Try it
An exact restatement of the data below, with the pictures removed, is the required answer.

Dataset extract
:::::

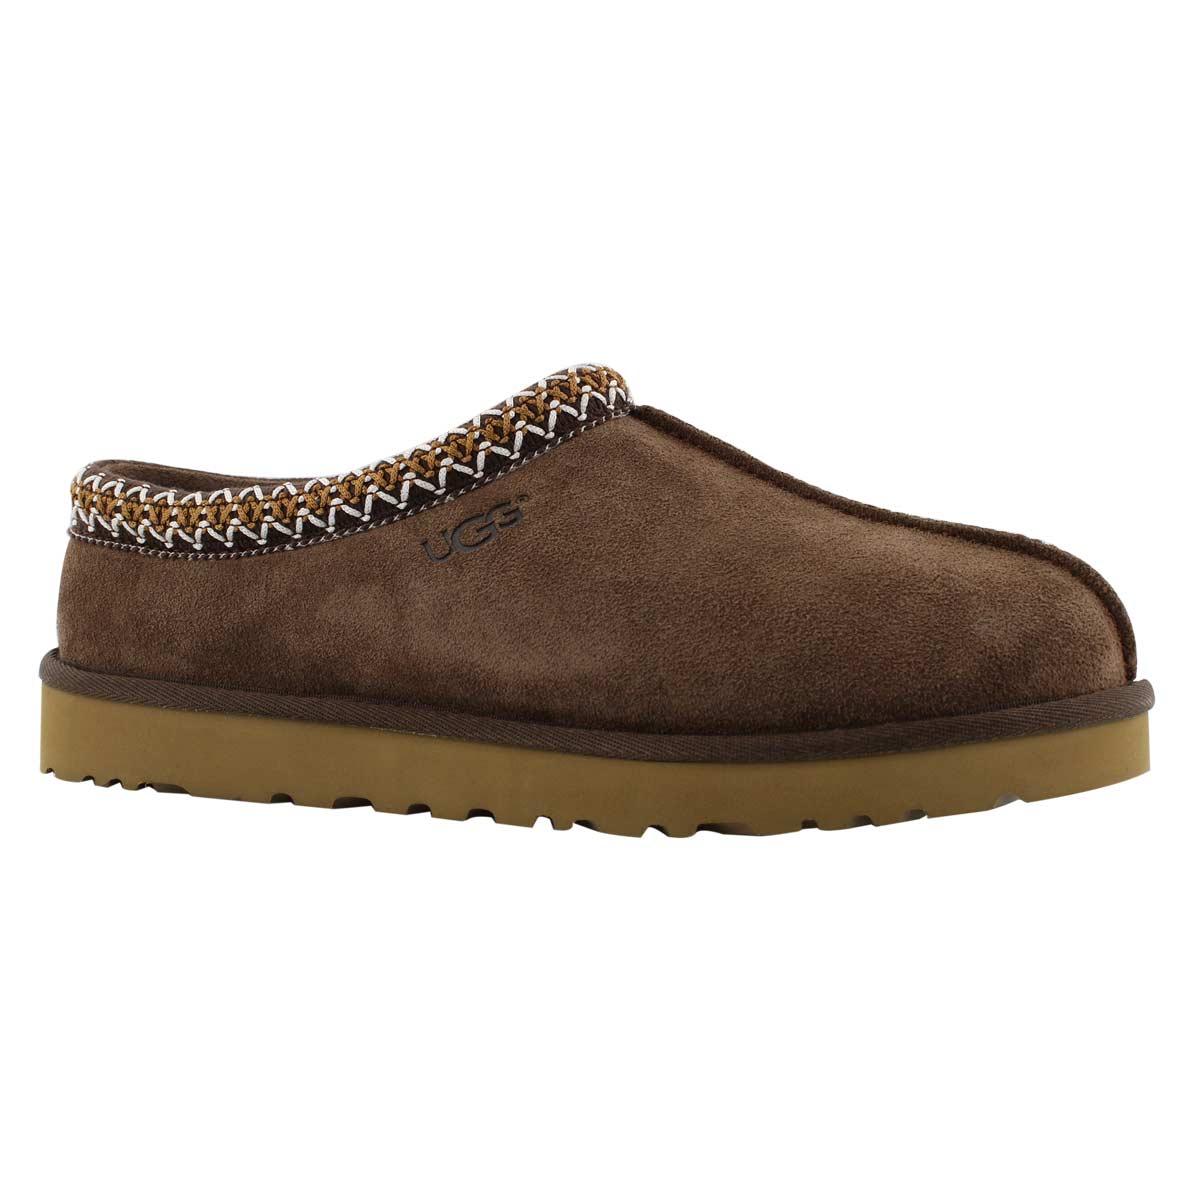 Mns Tasman chocolate sheepskin slipper
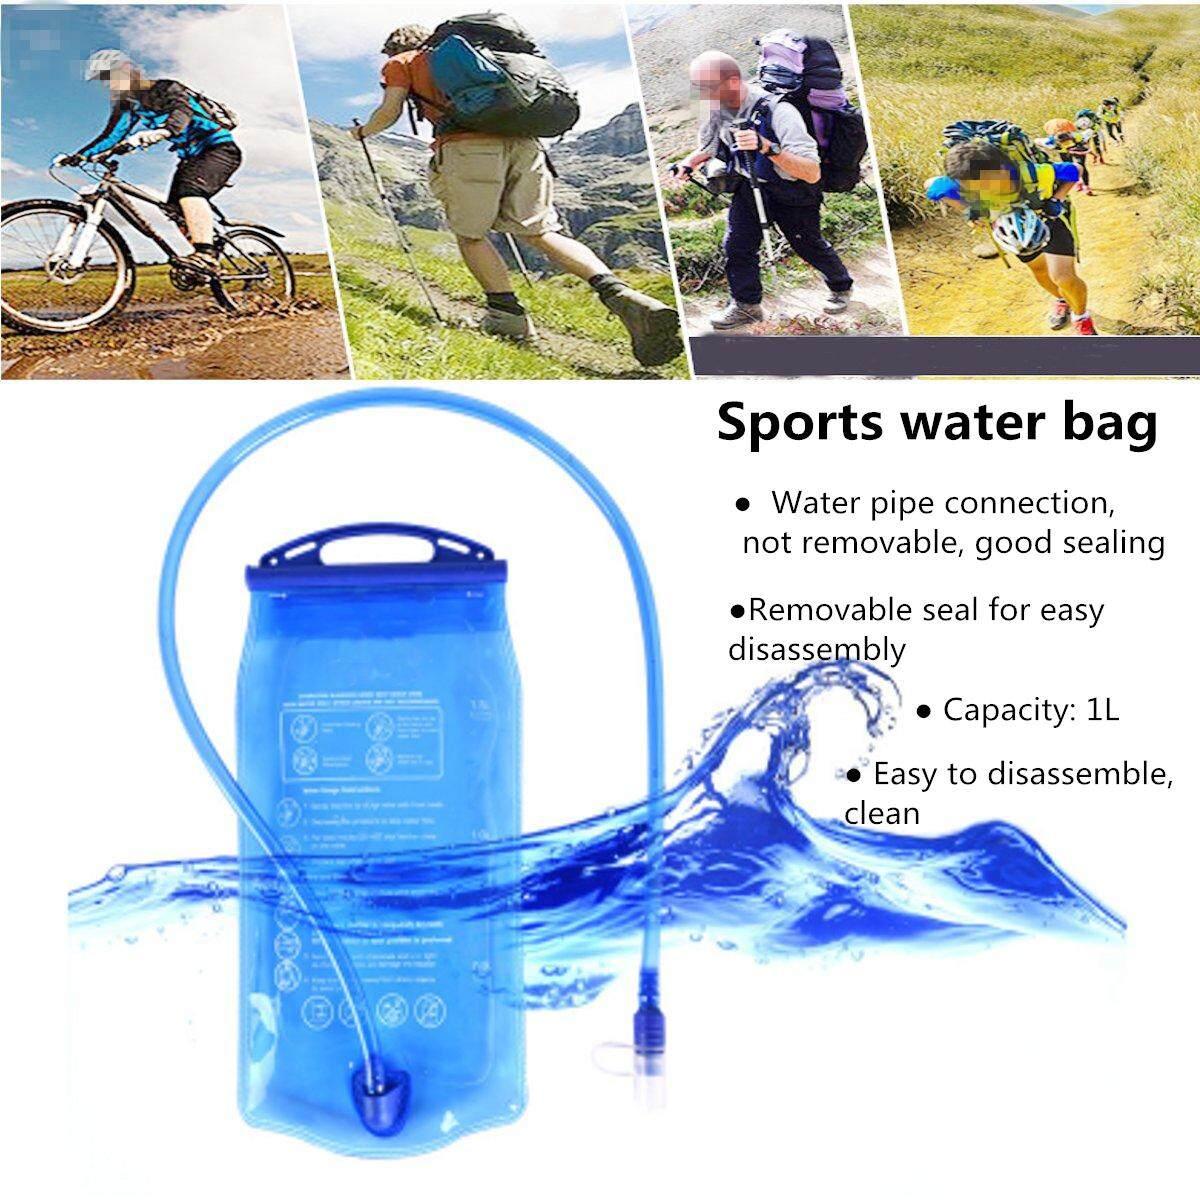 ed6b1e5b2a1 Bicycle Mouth Water Bladder Bag Hydration Packs Camping Hiking Climbing  Cycling
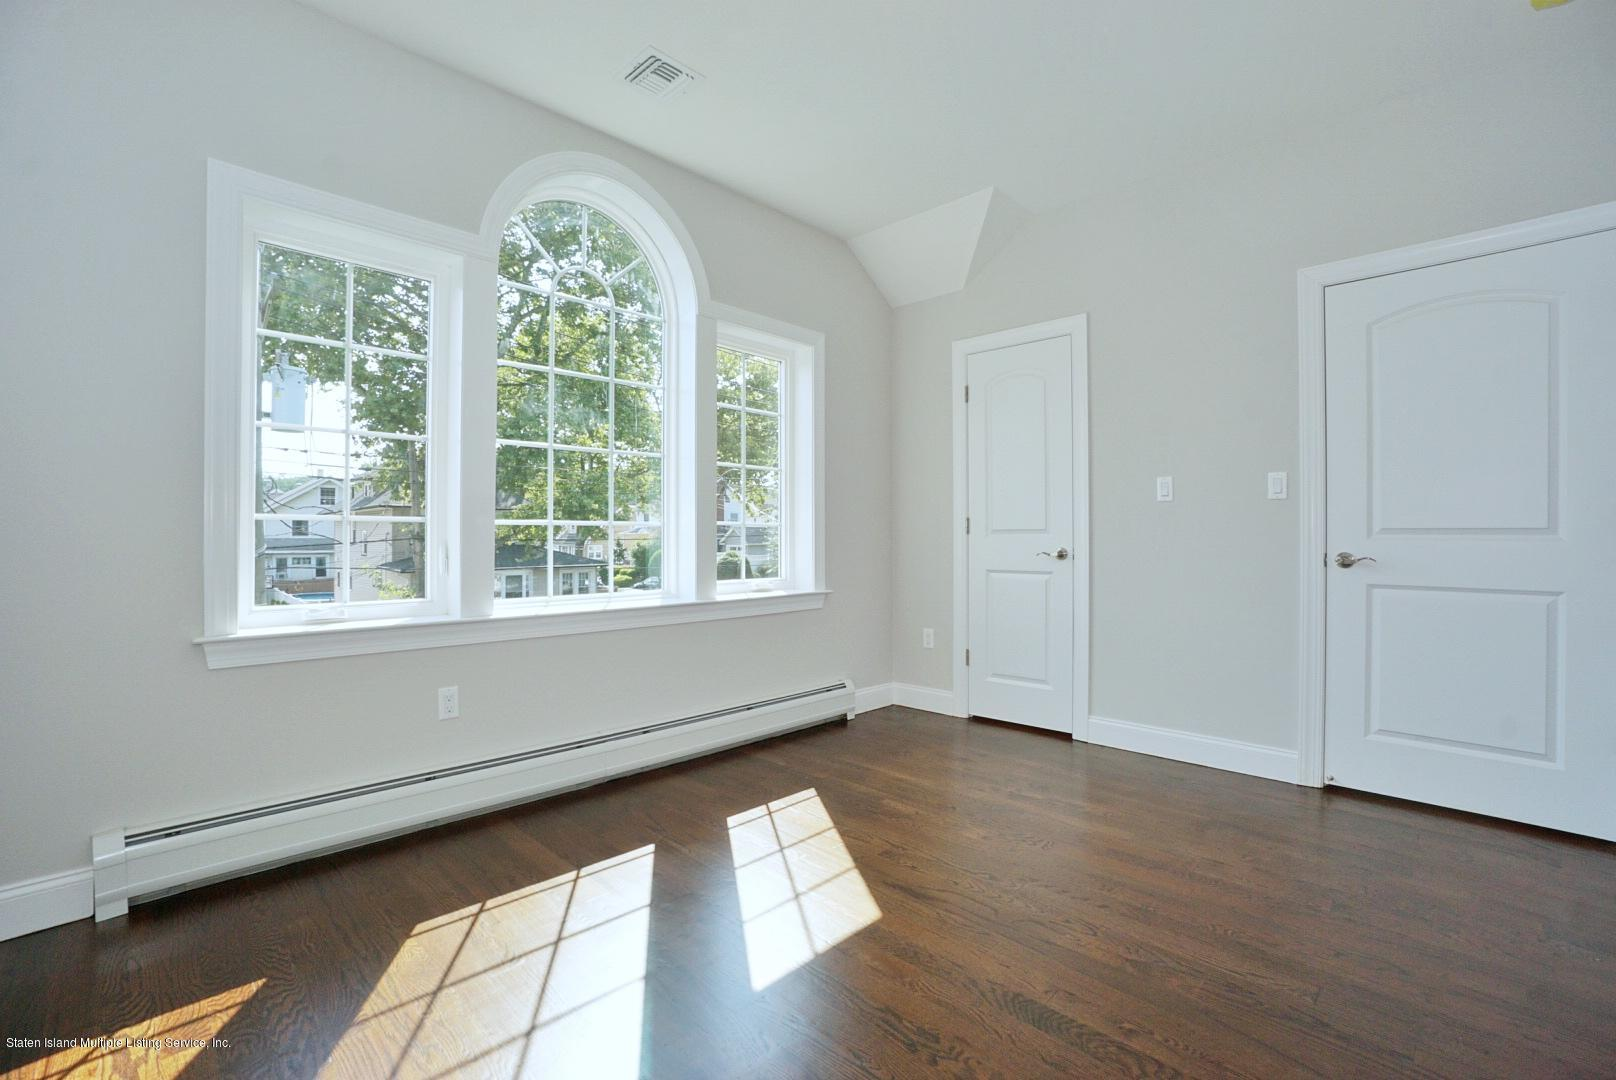 Single Family - Detached 170 Fairview Avenue  Staten Island, NY 10314, MLS-1126684-51
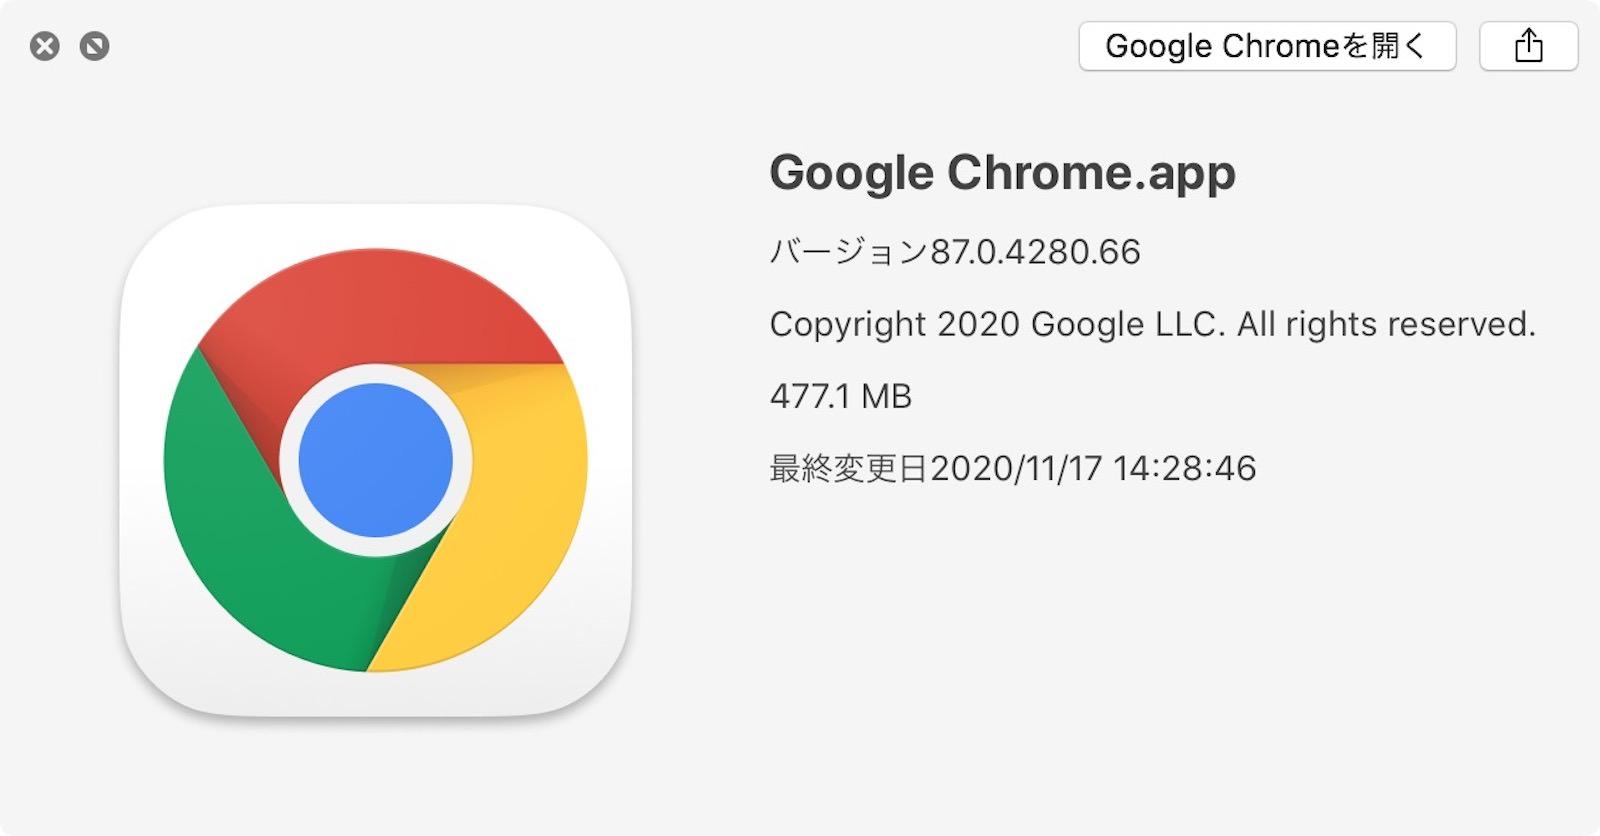 Google chrome 87 latest version

:::::

Reply to the exercise
 Mns Tasman chocolate sheepskin slipper
 ed6b1e5b2a1 Bicycle Mouth Water Bladder Bag Hydration Packs Camping Hiking Climbing  Cycling
 Single Family - Detached 170 Fairview Avenue  Staten Island, NY 10314, MLS-1126684-51
 Google chrome 87 latest version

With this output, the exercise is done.